Vodafone applied to amend its grounds of appeal to the Supreme Court, essentially seeking its costs (at the time of writing, both its application to amend its grounds of appeal and its application for permission to appeal await the Supreme Court's decision).
Meanwhile Vodafone sought to have the Court of Appeal's order against it (giving a declaration of infringement, an order for inquiry into damages and a costs order – all of which still stood) varied or revoked. Vodafone applied under CPR 3.1(7), but not under CPR 52.30, which the Court of Appeal had advised, to reopen/revoke the order. These rules state as follows:
1. CPR rule 3.1 (7):
(1) A power of the court under these Rules to make an order includes a power to vary or revoke the order.
2. CPR rule 52.30:
(1) The Court of Appeal or the High Court will not reopen a final determination of any appeal unless—
(a) it is necessary to do so in order to avoid real injustice;
(b) the circumstances are exceptional and make it appropriate to reopen the appeal; and
(c) there is no alternative effective remedy.
The Court of Appeal's decision
The Court of Appeal considered numerous authorities (including some with similar fact patterns involving parallel UK and EPO proceedings) and concluded that:
"[t]he overwhelming thrust of the authorities is that the court's power under CPR rule 3.1 (7) to vary or revoke orders either cannot or should not be used to discharge a sealed final order. The only limited exception … is the case of a continuing order (such as a final injunction)."
The application under rule 3.1(7) was refused.
The Court of Appeal made numerous comments on rule 52.30, which, while obiter, pointed to what would have been the right route to pursue. Indeed, the Court of Appeal had indicated the same to Vodafone months earlier.
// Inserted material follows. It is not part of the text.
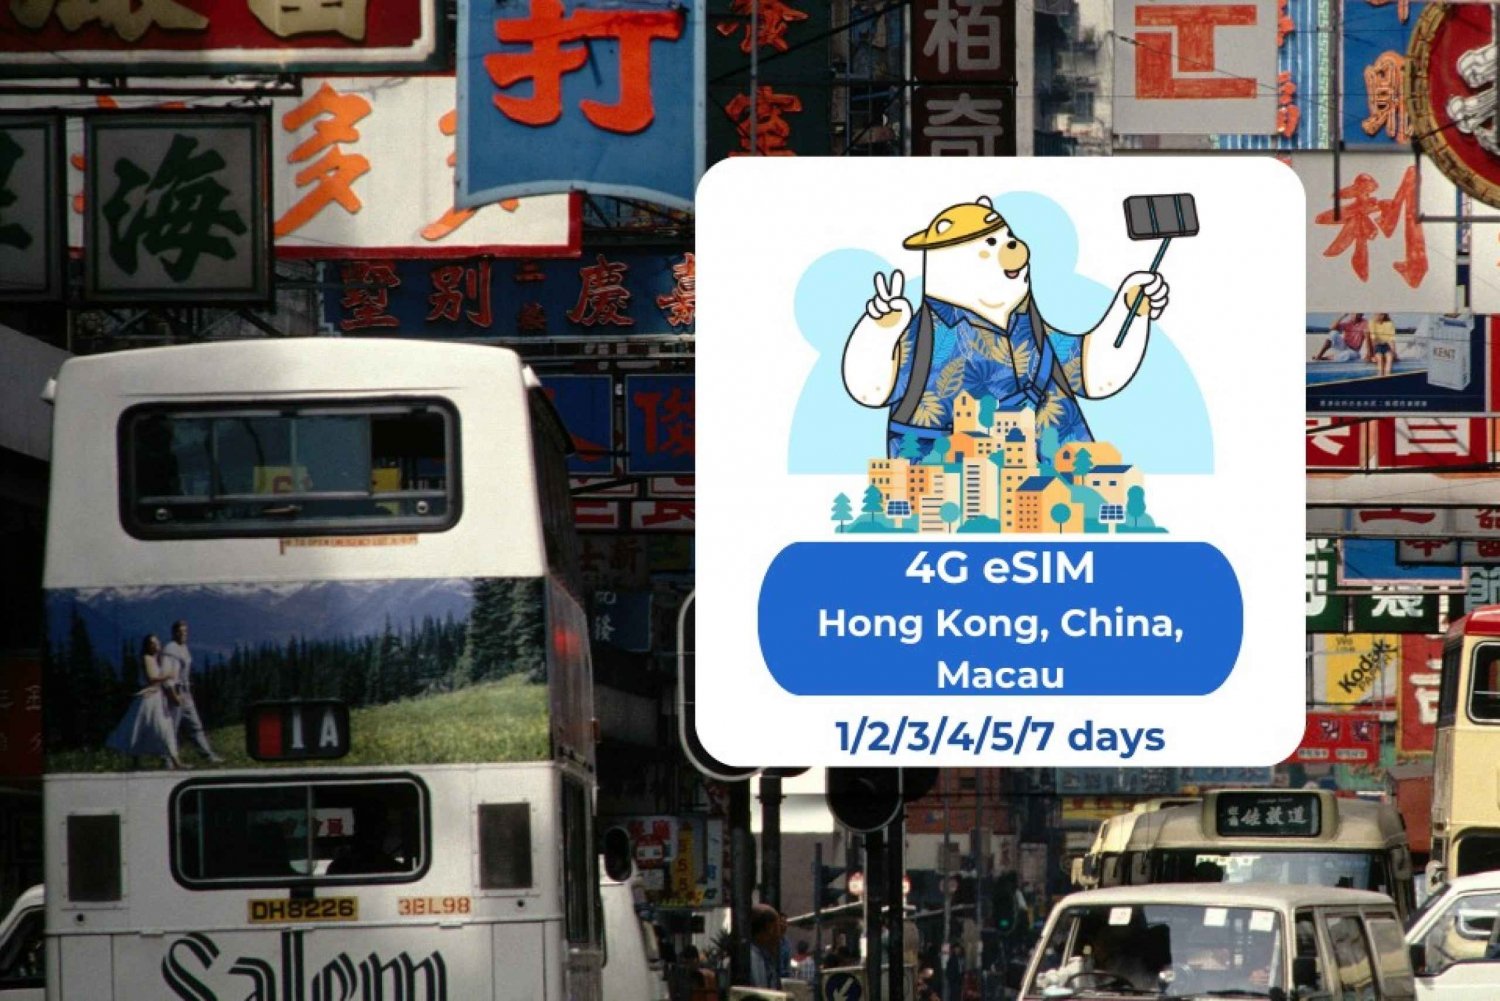 Hong Kong - Chine - Macao : eSIM Mobile Data 1/2/3/4/5/7 jours

It appears that Vodafone believed it fell outside rule 52.30 as its application for permission to appeal to the Supreme Court was still outstanding (and that therefore it was not in the position of having 'no alternative effective remedy').
The Court of Appeal disagreed; it believed that it likely did have jurisdiction and would also have jurisdiction if the Supreme Court refused permission and if Vodafone withdrew its application for permission. The Court of Appeal did not, however, discuss what it considered the test to be under that rule.
The Court considered that Vodafone could have (but did not):
- Pursued its much earlier application for a stay of the trial, which would almost certainly have been granted given the concurrent EPO opposition proceedings;
- Requested undertakings from IPCom to repay any damages paid which turned out to have been baseless;
- Applied to stay or adjourn the appeal pending the EPO Board of Appeal's decision;
- Applied for the Court of Appeal to adjourn the question of costs and other relief;
- Asked the Court of Appeal to make the costs order contingent on the EPO outcome;
- Asked the Court of Appeal for liberty to apply to revoke the Court of Appeal order in the event the EPO revoked the patent; and/or
- Applied to stay the costs order.
Lewison LJ commented that "[a]lthough these are well-trodden paths for experienced patent litigators, in fact Vodafone did none of these things." His fellow judges were no more complimentary about Vodafone's strategy.
The case serves as a cautionary tale and shows the importance of good advice and familiarity with the intricacies of the CPR, as well as of pleading alternatives where available.
It does, however, feel a little unsatisfactory; is it right that a patentee can bring a dispute, have significant costs paid in its favour and then keep those costs after it turned out to have lost the dispute after all, this simply because procedural boxes had not been ticked?
The public interest in finality of judgments would suggest the answer to that question is indeed - 'Yes'.